For reasons discussed in the preamble, and under the authority at
20 U.S.C. 3474, 20 U.S.C. 1221e-3, Public Law 109-270, and Public Law
114-95, the Secretary amends Chapter II of title 34 of the Code of
Federal Regulations as follows:
PART 200--TITLE I--IMPROVING THE ACADEMIC ACHIEVEMENT OF THE
DISADVANTAGED
0
1. The authority citation for part 200 is revised to read as follows:
Authority: 20 U.S.C. 6301 through 6576, unless otherwise noted.
Sec. 200.7 [Removed and Reserved]
0
2. Remove and reserve Sec. 200.7.
Sec. 200.12 [Removed and Reserved]
0
3. Remove the center heading ``State Accountability System'' and remove
and reserve Sec. 200.12.
Sec. Sec. 200.13 through 200.22 [Removed and Reserved]
0
4. Remove the center heading ``Adequate Yearly Progress (AYP)'' and
remove and reserve Sec. Sec. 200.13 through 200.22.
Sec. Sec. 200.27 and 200.28 [Removed and Reserved]
0
5. Remove and reserve Sec. Sec. 200.27 and 200.28.

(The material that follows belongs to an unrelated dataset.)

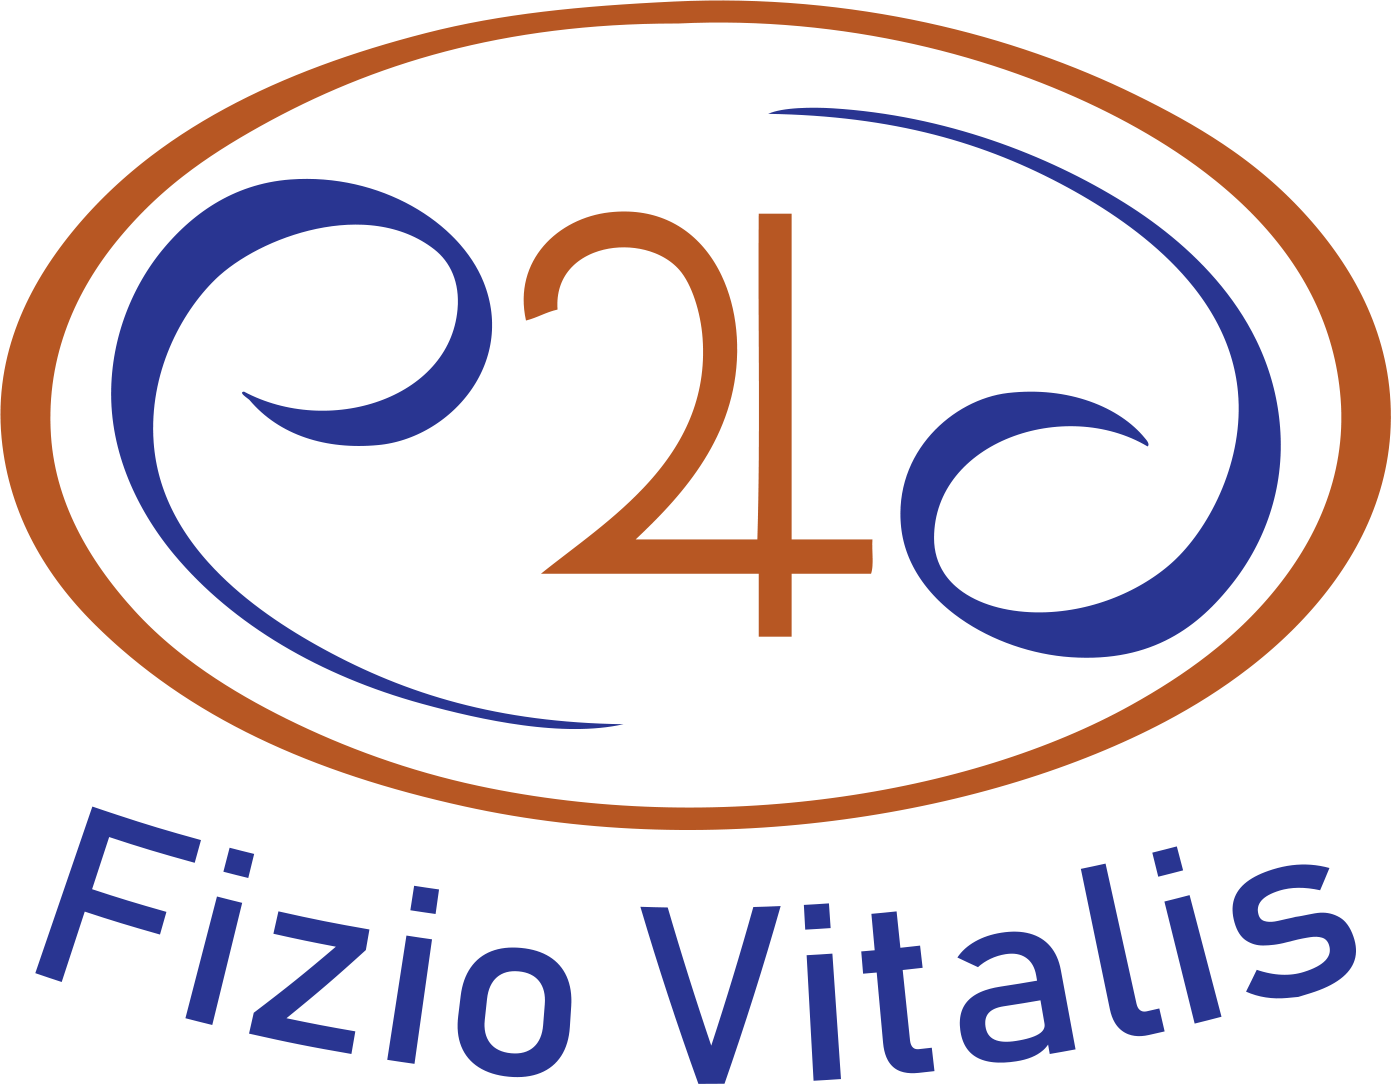 Fizio Vitalis logo

Sec. Sec. 200.30 through 200.53 [Removed and Reserved]
0
6. Remove the center heading ``LEA and School Improvement'' and remove
and reserve Sec. Sec. 200.30 through 200.53.
0
7. Revise the center heading ``Qualifications of Teachers and
Paraprofessionals'' to read ``Qualifications of Paraprofessionals''.
Sec. Sec. 200.55 through 200.57 [Removed and Reserved]
0
8. Remove and reserve Sec. 200.57.
Sec. Sec. 200.59 and 200.60 [Removed and Reserved]
0
9. Remove and reserve Sec. Sec. 200.59 and 200.60.
Sec. 200.80 [Removed and Reserved]
0
10. Remove and reserve Sec. 200.80.
Sec. 200.81 [Amended]
0
11. In Sec. 200.81, remove and reserve paragraphs (d), (f), (g), and
(h).
Sec. 200.89 [Amended]
0
12. In Sec. 200.89, amend the section heading by removing the words
``MEP allocations;'' and by removing and reserving paragraph (a).
PART 237--[REMOVED AND RESERVED]
0
13. Remove and reserve part 237.
PART 299--GENERAL PROVISIONS
0
14. The authority citation for part 299 continues to read as follows:
Authority: 20 U.S.C. 1221e-3(a)(1), 6511(a), and 7373(b), unless
otherwise noted.
Subpart B--[Removed and Reserved]
0
15. Remove and reserve subpart B, consisting of Sec. 299.3.